3. Dialyze against 2 liters of buffer C for 24 hr. Change buffer at 12th hr. The solution turns cloudy transiently as it passes across the isoelectric point of vinculin.
4. Equilibrate CM-52 column with buffer C.
1. Buffer C, 1000 ml.
2. Ultrapure (enzyme grade) ammonium sulfate.
3. 2 mM PIPES, 0.02% NaN3 1500 ml.
4. High salt (e.g. 3 M KCl) for soaking electrode.
1. Collect solution from the dialysis bag. Centrifuge in a 50Ti or 50.2Ti rotor at 35,000 rpm, 4oC for 2 hr.
2. Apply to CM-52 column equilibrated with buffer C.
3. Wash with 50-100 ml buffer C or until OD drops to baseline.
4. Elute with 500 ml 200-500 mM NaCl gradient in buffer C. Fill the mixing side of the gradient maker with 255 ml of buffer C with 2.9 g NaCl, the reservoir side with 245 ml buffer C with 7.2 g NaCl.

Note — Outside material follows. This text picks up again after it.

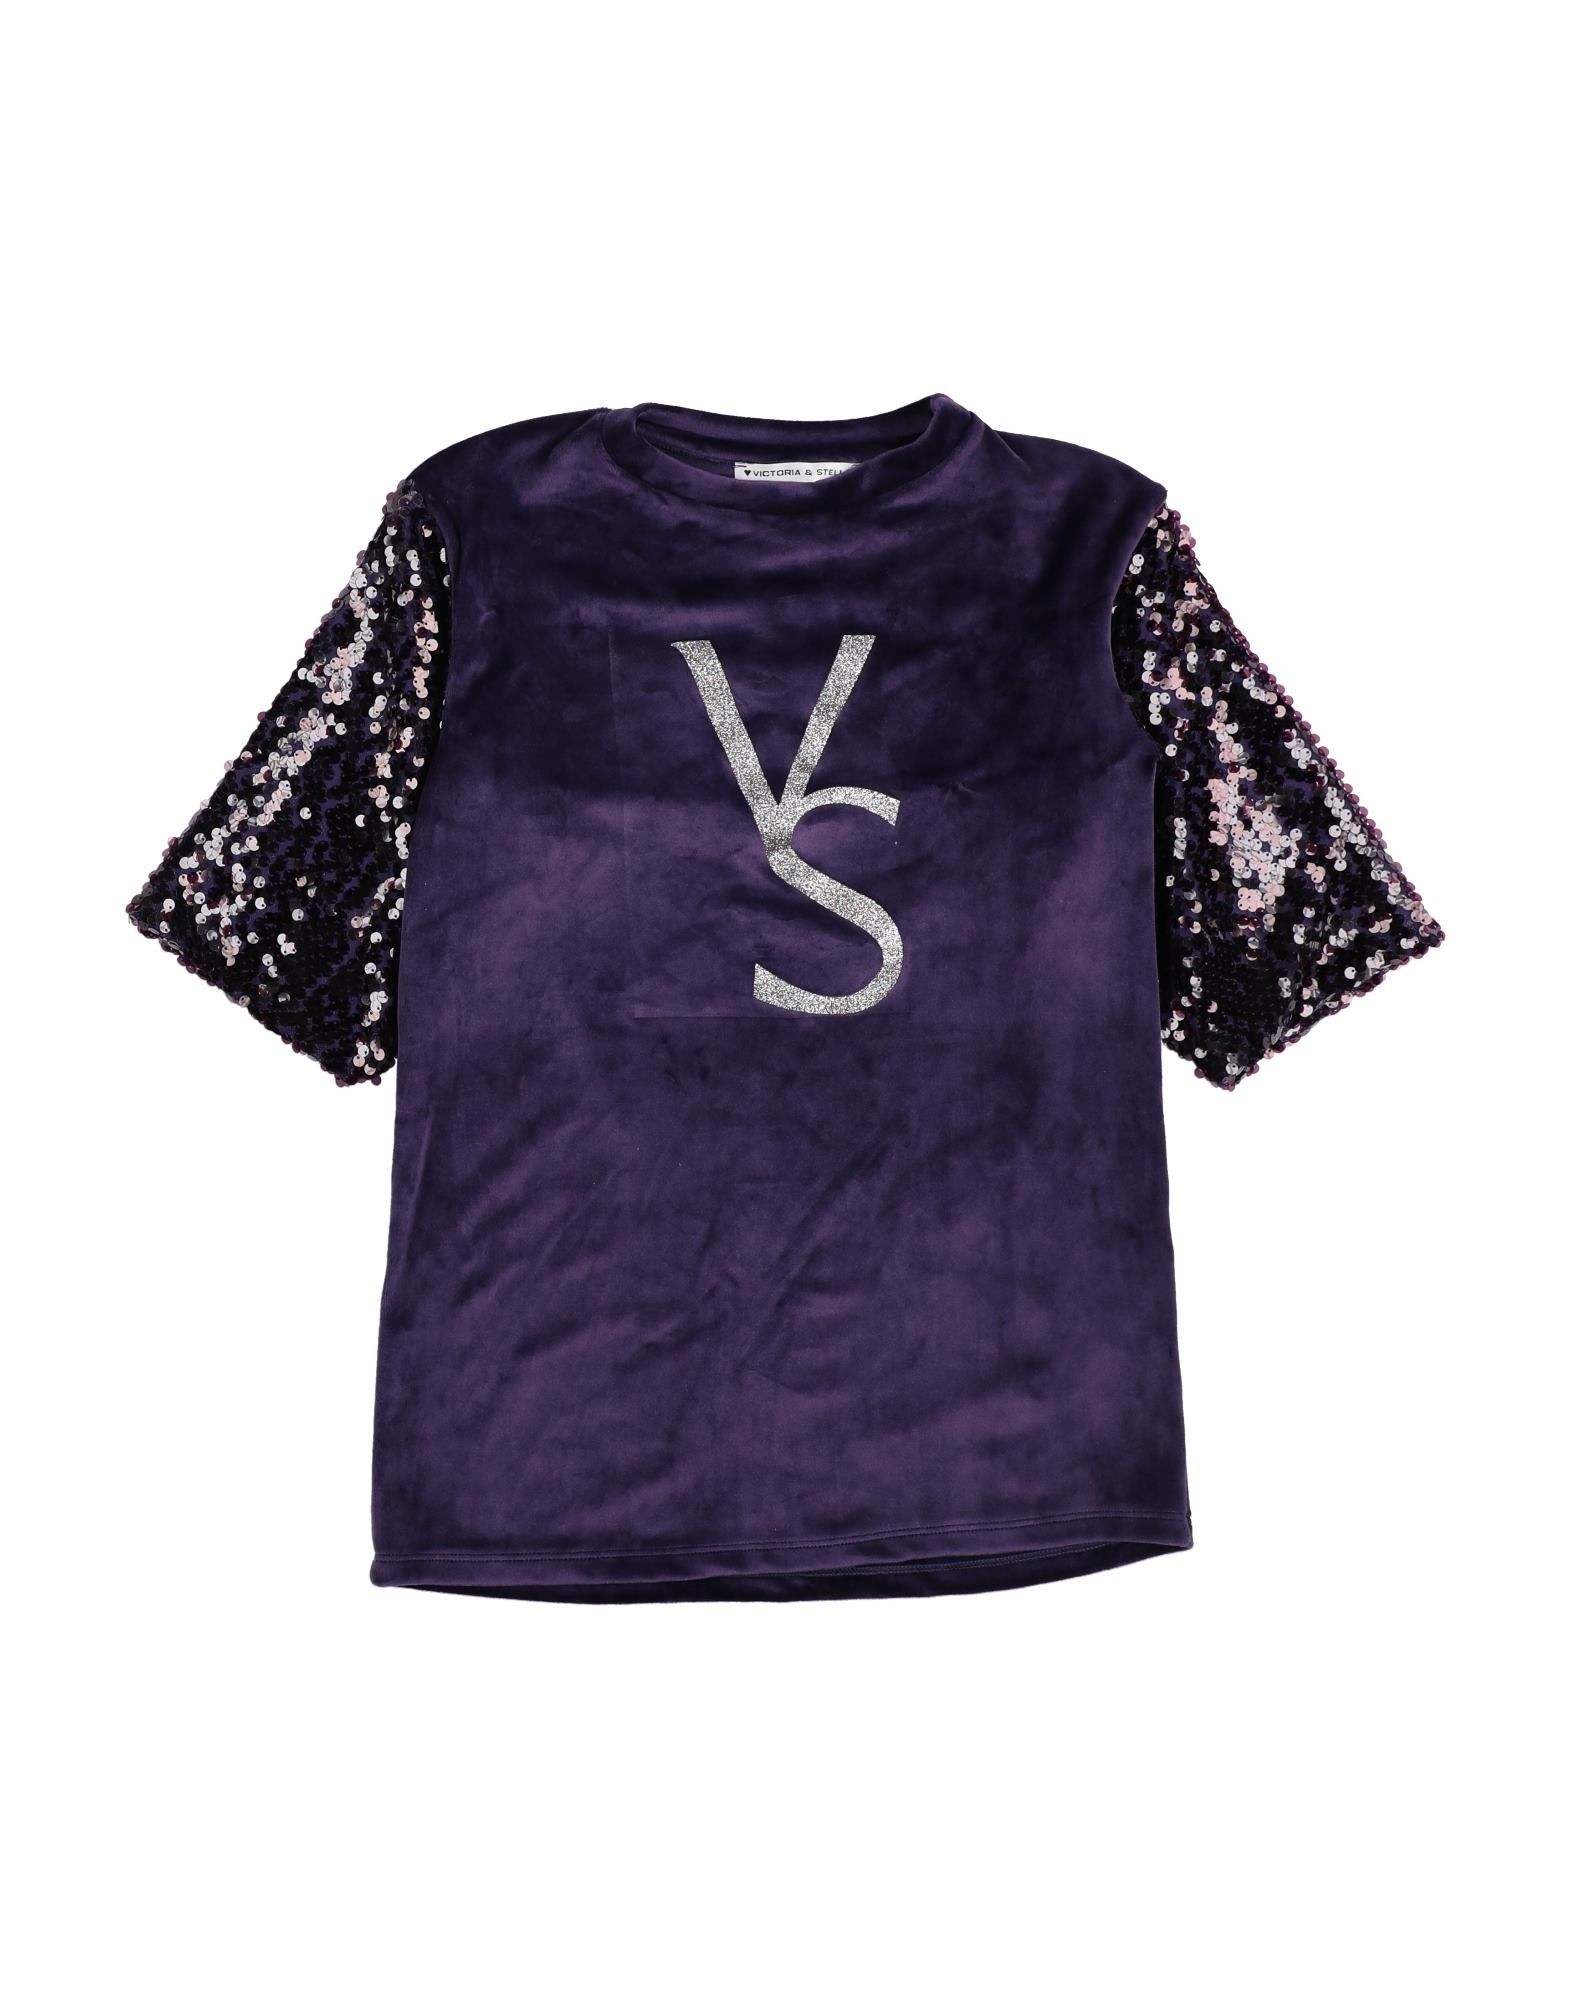 Victoria & Stella Kids' Sweatshirts In Purple

Elute at 10 ml/hr. Collect 4 ml fractions. Set monitor full scale at OD 0.5, chart speed 1.5 cm/hr. Wash the column with 2 M NaCl in buffer C when finish.

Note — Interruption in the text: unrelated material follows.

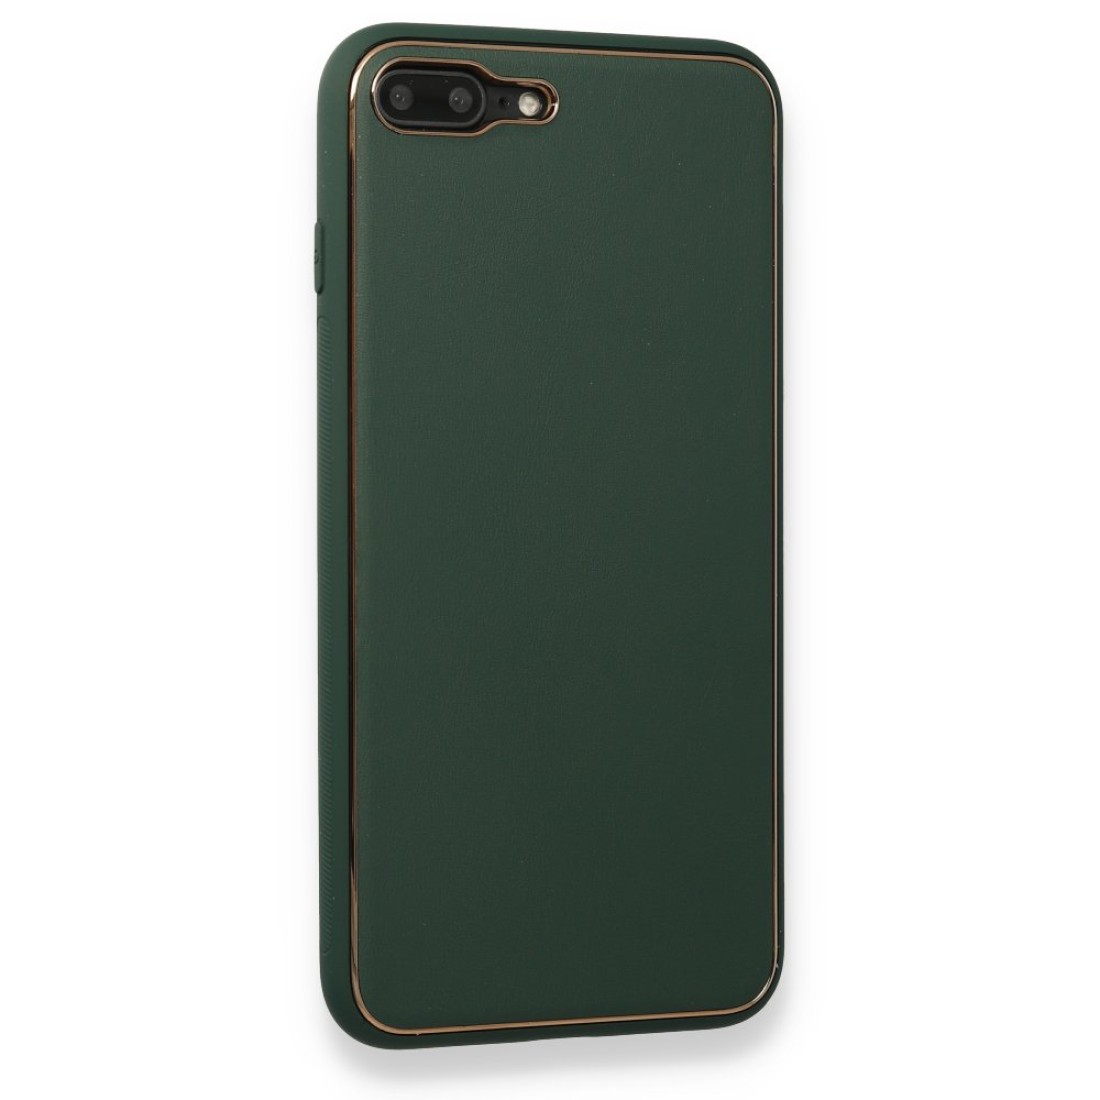 Apple iPhone 7 Plus Kılıf Coco Deri Silikon Kapak - Yeşil

5. Locate peaks and run SDS-PAGE. Pool vinculin fractions (central peak).
6. Carefully bring pH close to 7.0 with 0.1 N KOH. Soak electrode in high salt after this step.

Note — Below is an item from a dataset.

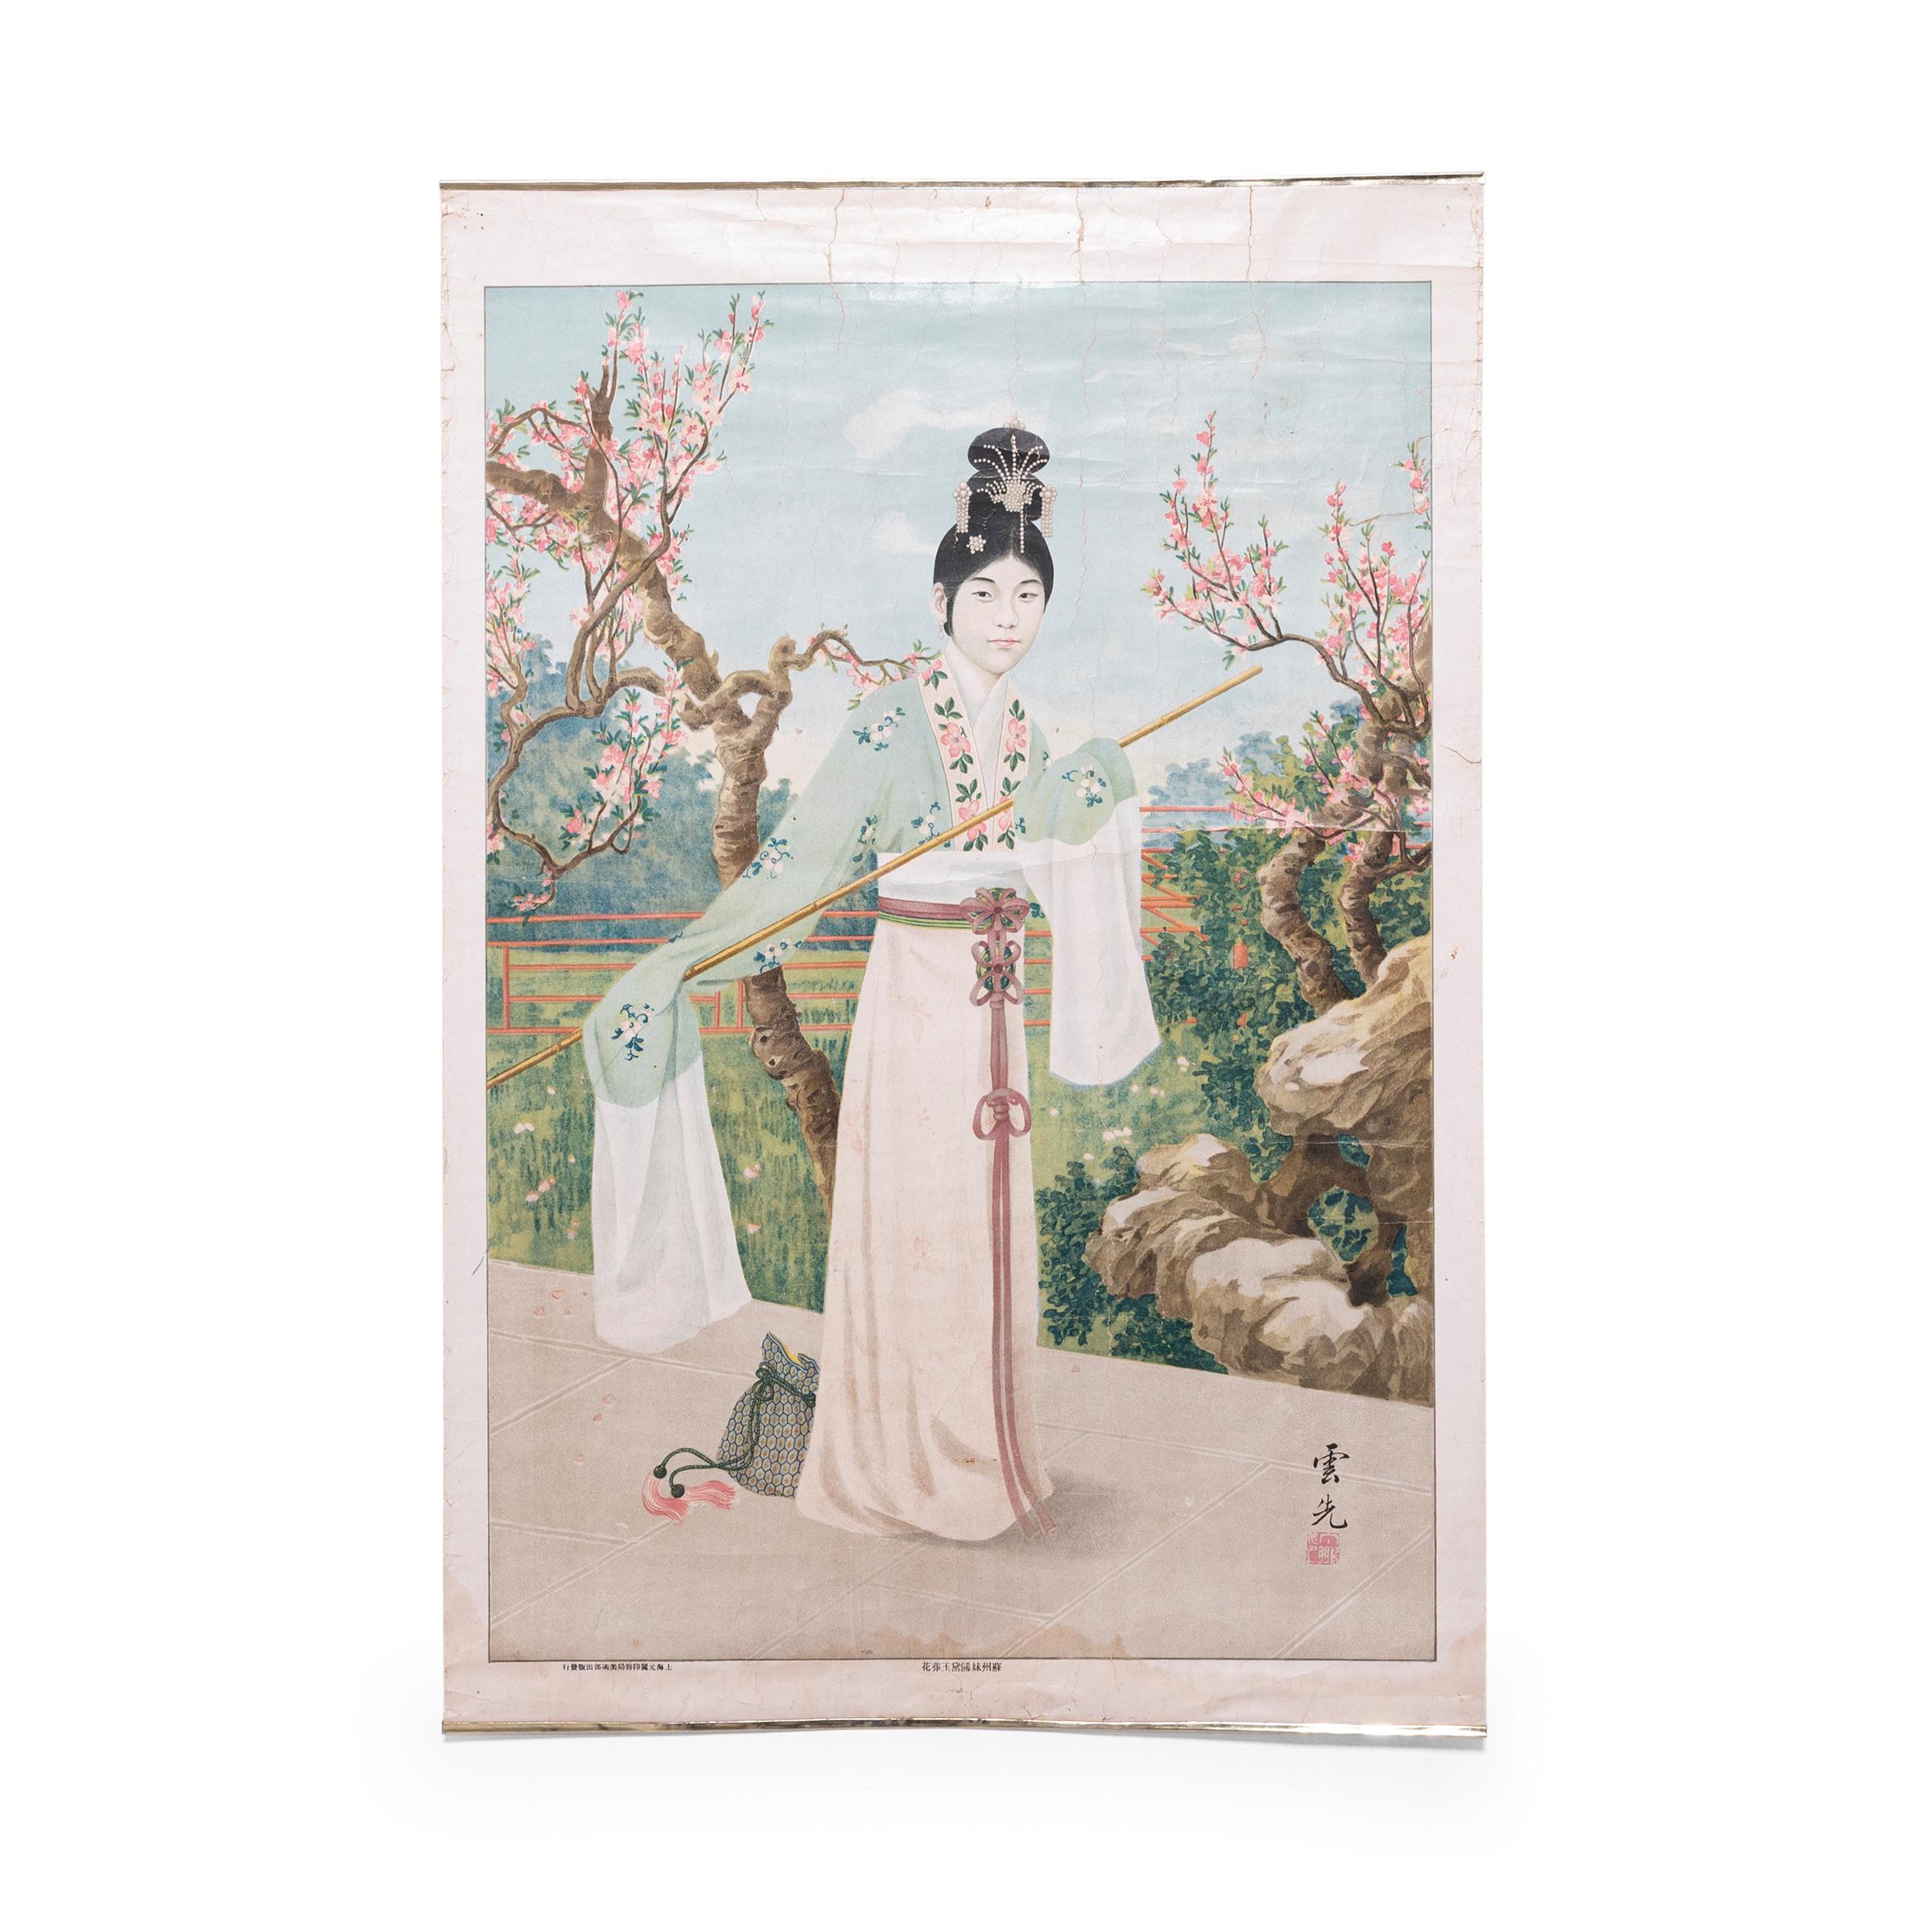 Unknown Landscape Print – Chinesisches Werbeplakat im Vintage-Stil, um 1930

7. Concentrate with CentriPrep or concentrate with the ammonium precipitation method: measure volume and precipitate with 45% saturation ammonium sulfate (26 g per 100 ml;the crystals should be added slowly with constant stirring, while monitoring and maintaining pH at 7.0-7.2. Soak the electrode in high salt after this step). Let the solution stand on ice for 30-45 min after all ammonium sulfate has dissolved, collect precipitates by centrafugation in a SS34 rotor at 10,000 rpm, 4oC, for 15 min. Resuspend pellets in 300-700 µl of 2 mM PIPES with azide.
8. Add DTT to 5 mM. Dialyze against 500 ml of 2 mM PIPES. Change buffer twice over a period of 24 hr.
9. Clarify in a 50Ti rotor at 40,000 rpm, 4oC for 45 min, or in a 42.2Ti rotor at 25,000 rpm, 4oC for 20 min. Concentrate with Centricon if necessary.
10. Store in liquid nitrogen as aliquots. Stable for months. Also stable at 4oC for a couple of weeks.